Given data: Begin
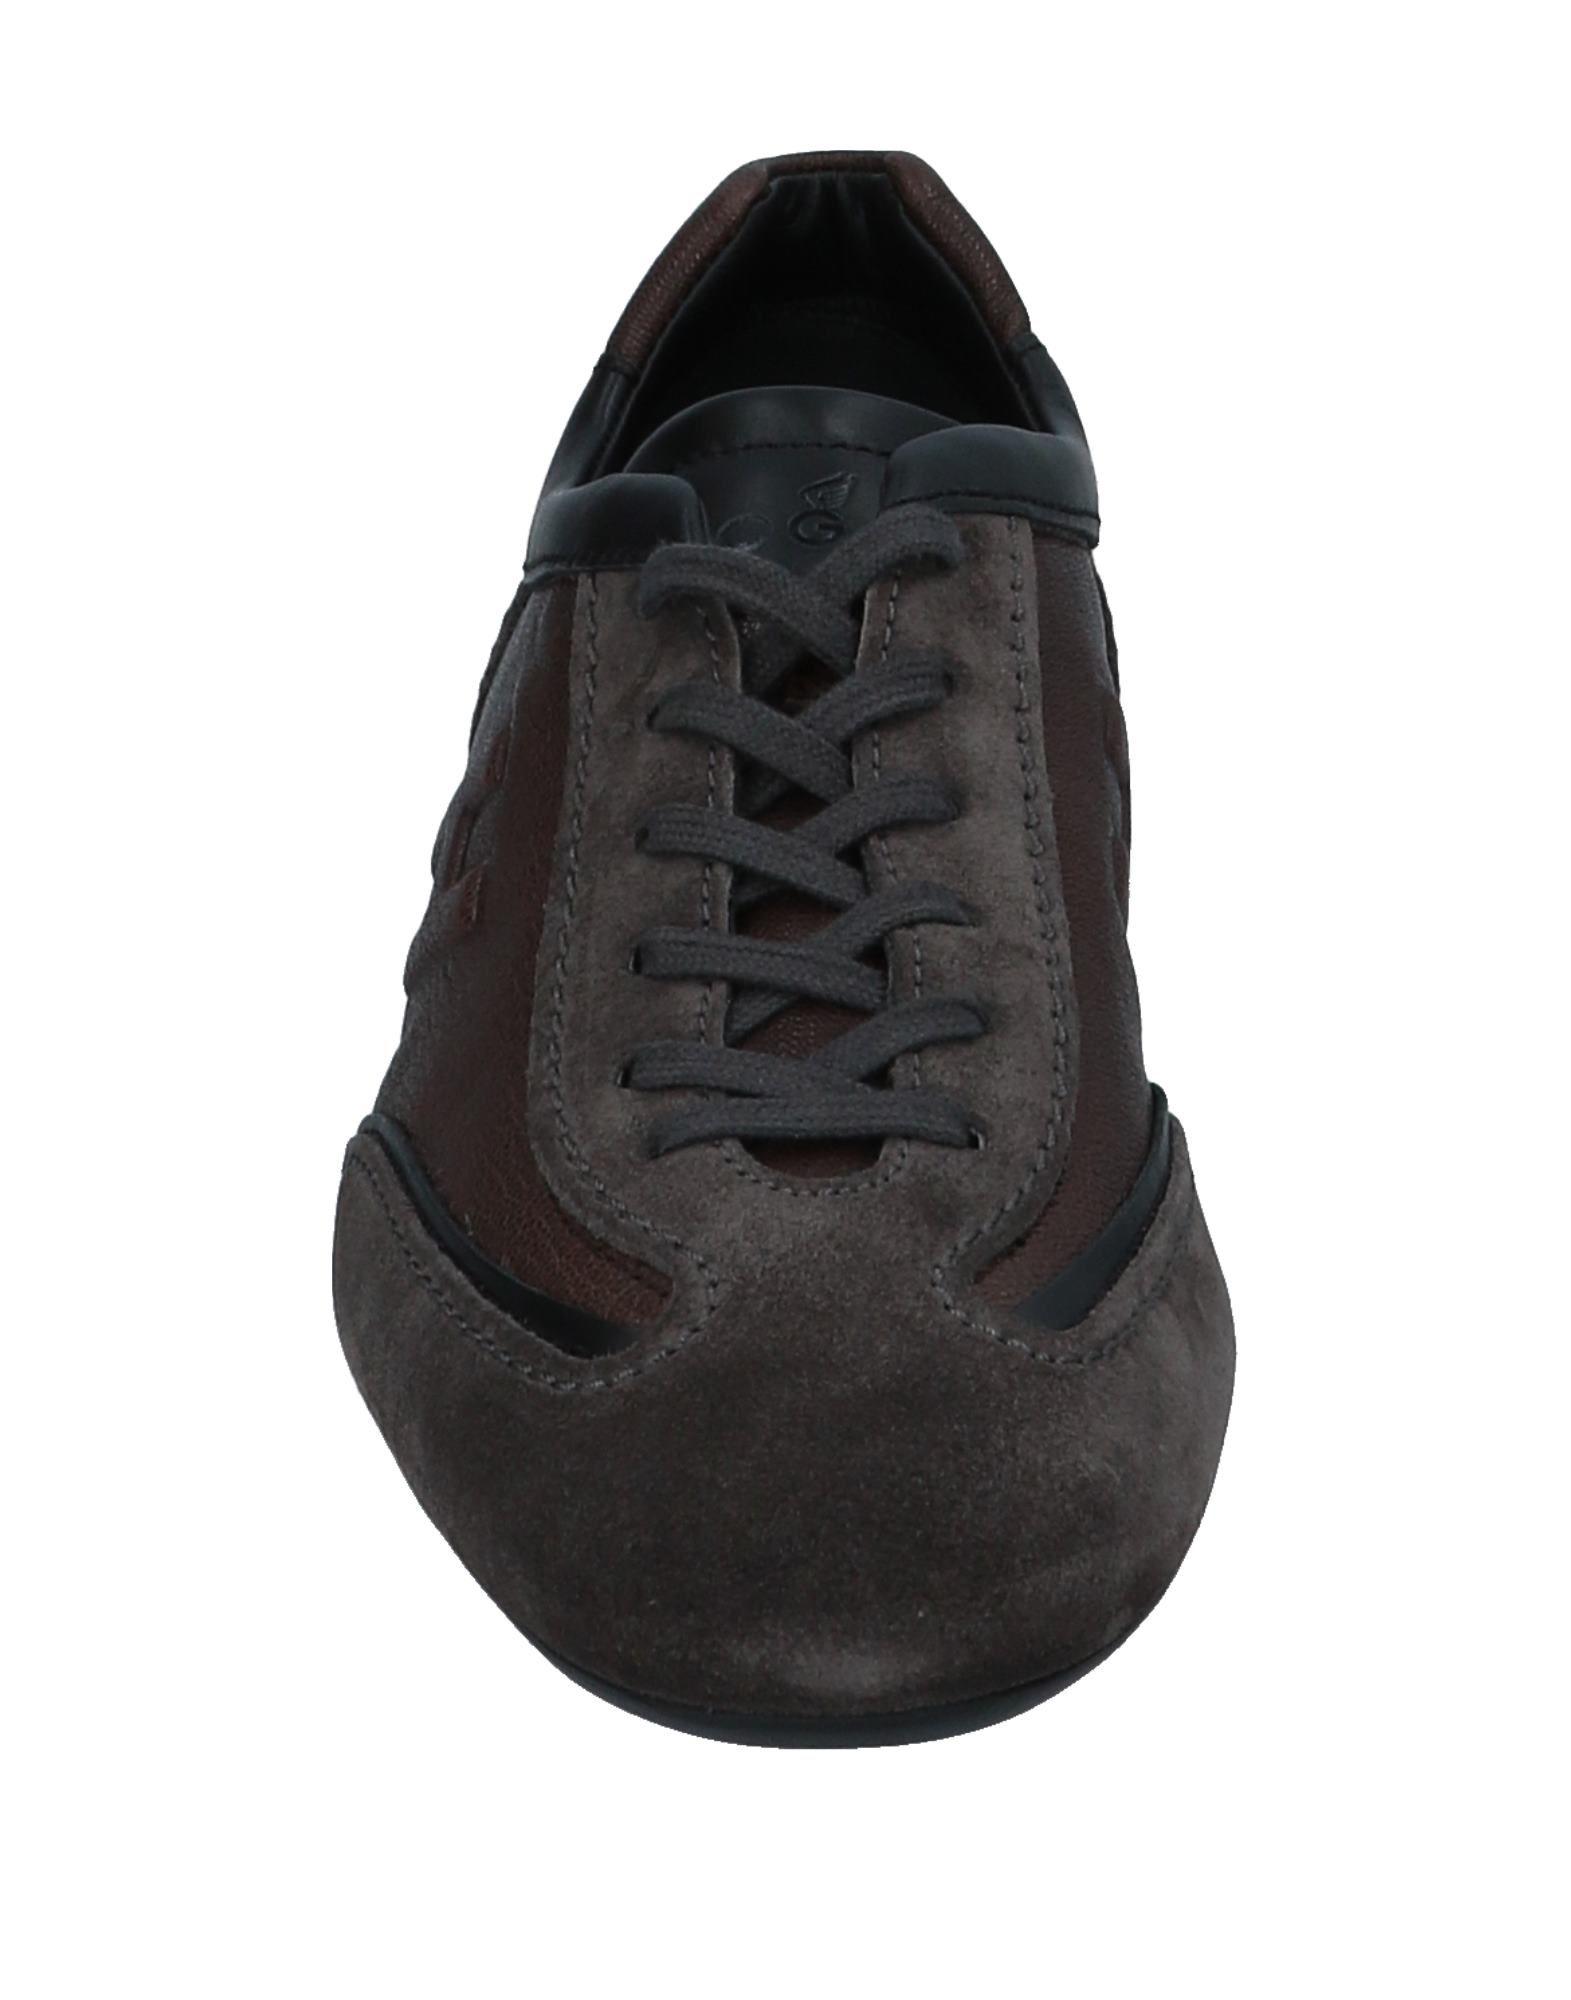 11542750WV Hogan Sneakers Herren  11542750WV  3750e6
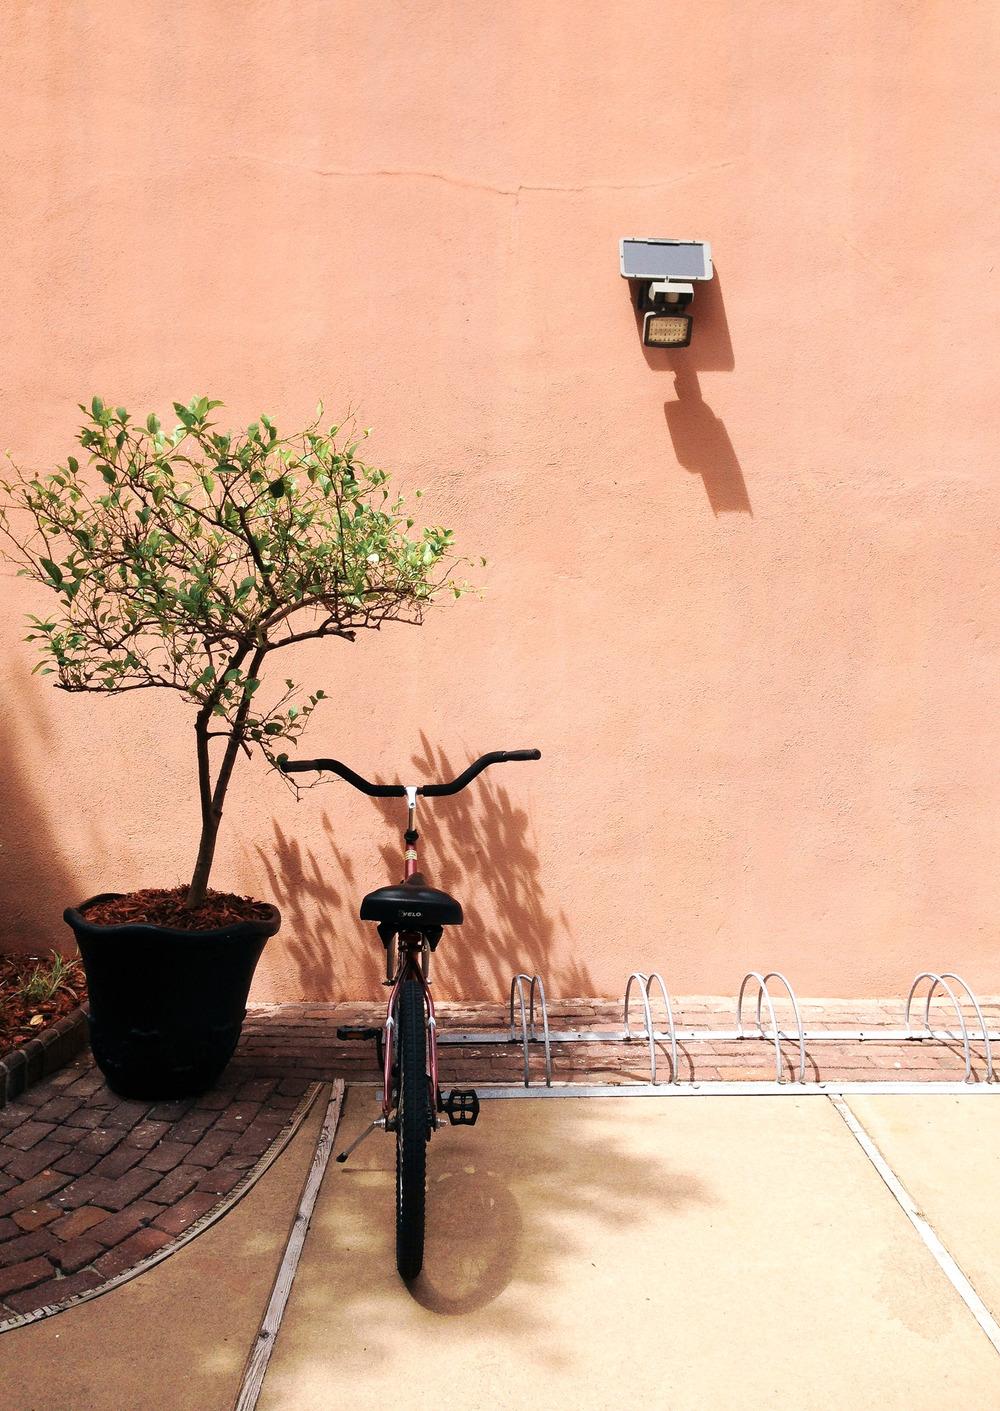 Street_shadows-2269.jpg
Given data: End
Given data: Begin
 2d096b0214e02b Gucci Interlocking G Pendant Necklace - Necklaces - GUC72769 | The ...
Given data: End
Given data: Begin
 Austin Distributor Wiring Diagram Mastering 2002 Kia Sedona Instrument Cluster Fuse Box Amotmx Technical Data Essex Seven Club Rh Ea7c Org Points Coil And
Given data: End
For this exercise, reproduce exactly the lines of the records above from the one with "11542750WV Hogan Sneakers" up to and including the one with "Street_shadows-2269.jpg", without pictures.

 11542750WV Hogan Sneakers Herren  11542750WV  3750e6
 Street_shadows-2269.jpg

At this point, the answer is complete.